Last November I attended an Open Data Masterclass at Aberdeen University. I took notes as the day progressed and these are shared below, sometimes quite skeletally, sometimes more completely.
It was a very interesting and useful day and clarified and solidified my thinking on the relevance and significance of this to what my employer does online at present and where we’re headed.
Welcome and Introduction: Prof Pete Edwards
Pete explained the work of Aberdeen University in this area. He gave an interesting example of First Group and how they are committed to adopting open and linked data and are working with Aberdeen University in this area.
Welcome and Intro: Hanif Rahemtulla (Horizon Digital Economy Research, Nottingham)
There is a significant government drive to use Open Data. How are we to make sense of it?
The Open Data movement has many drivers. It started under Labour but now taking hold in the Coalition Government who are actually pushing it.
Transparency In Government: James Forrester – Cabinet Office Transparency Unit
Historically, lots of data have been released in PDF format. Opening it up makes it more accessible – eg by adding a graphical interface.
Open Knowledge Foundation make it open and usable through sites such as Where Does My Money Go.
We need to help people better understand the data. The Government publishes huge volumes of data on for example schools through inspection reports. Why should parents have to learn and understand government systems to understand what the data means? How do you choose a school? You need to understand the information available. Third party sites are opening up that data and presenting data in simple graphic fashion.
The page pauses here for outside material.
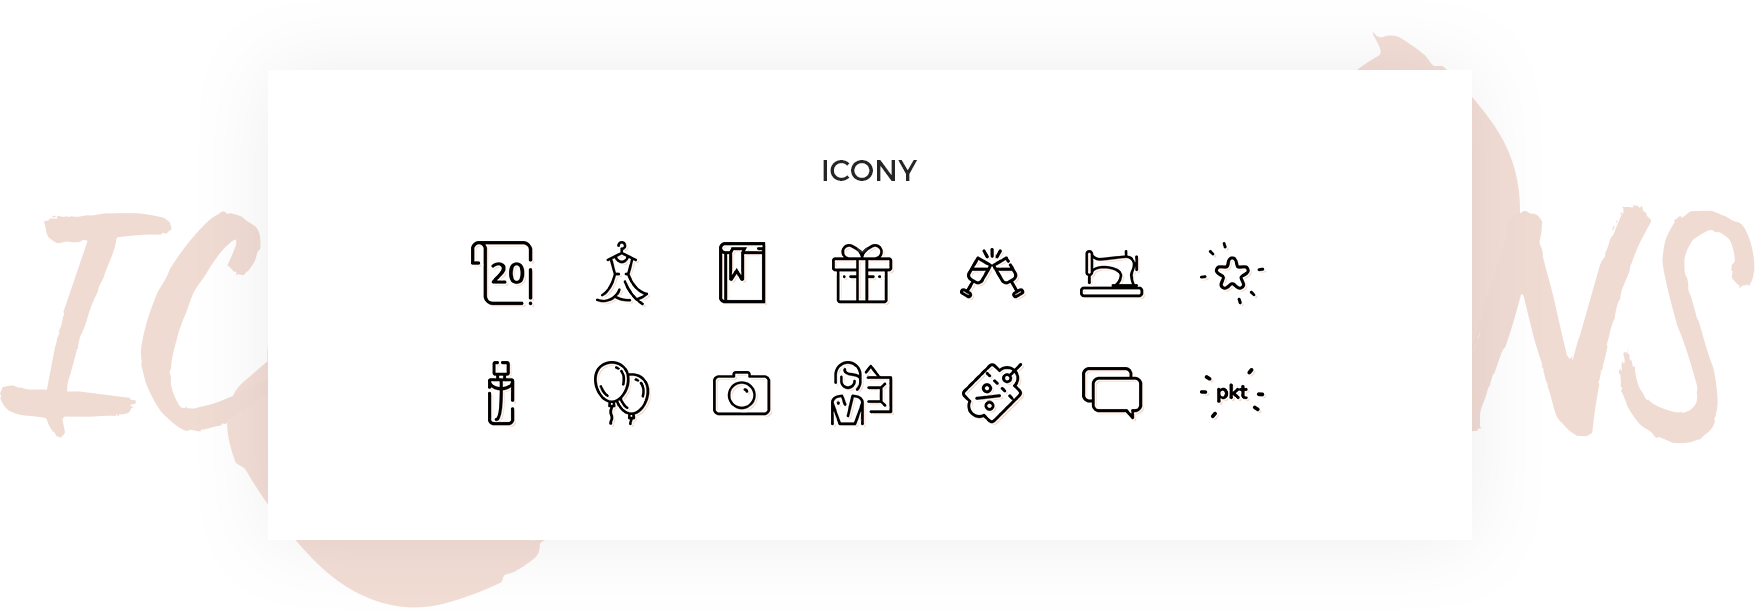 indywidualne ikony orsay 20 lat

Channel 4 application – Mapumental. http://mapumental.channel4.com/ (NB access is currently limited and is firstly London-specific).
Select where you work, set your maximum desired commuting time and mix with house price and ‘scenicness’ from various sources. It shows where you could live, where meets your criteria – but in a way that matching three sets of raw numbers never could.
If we make more data available then more tools with more complex visualisations are possible.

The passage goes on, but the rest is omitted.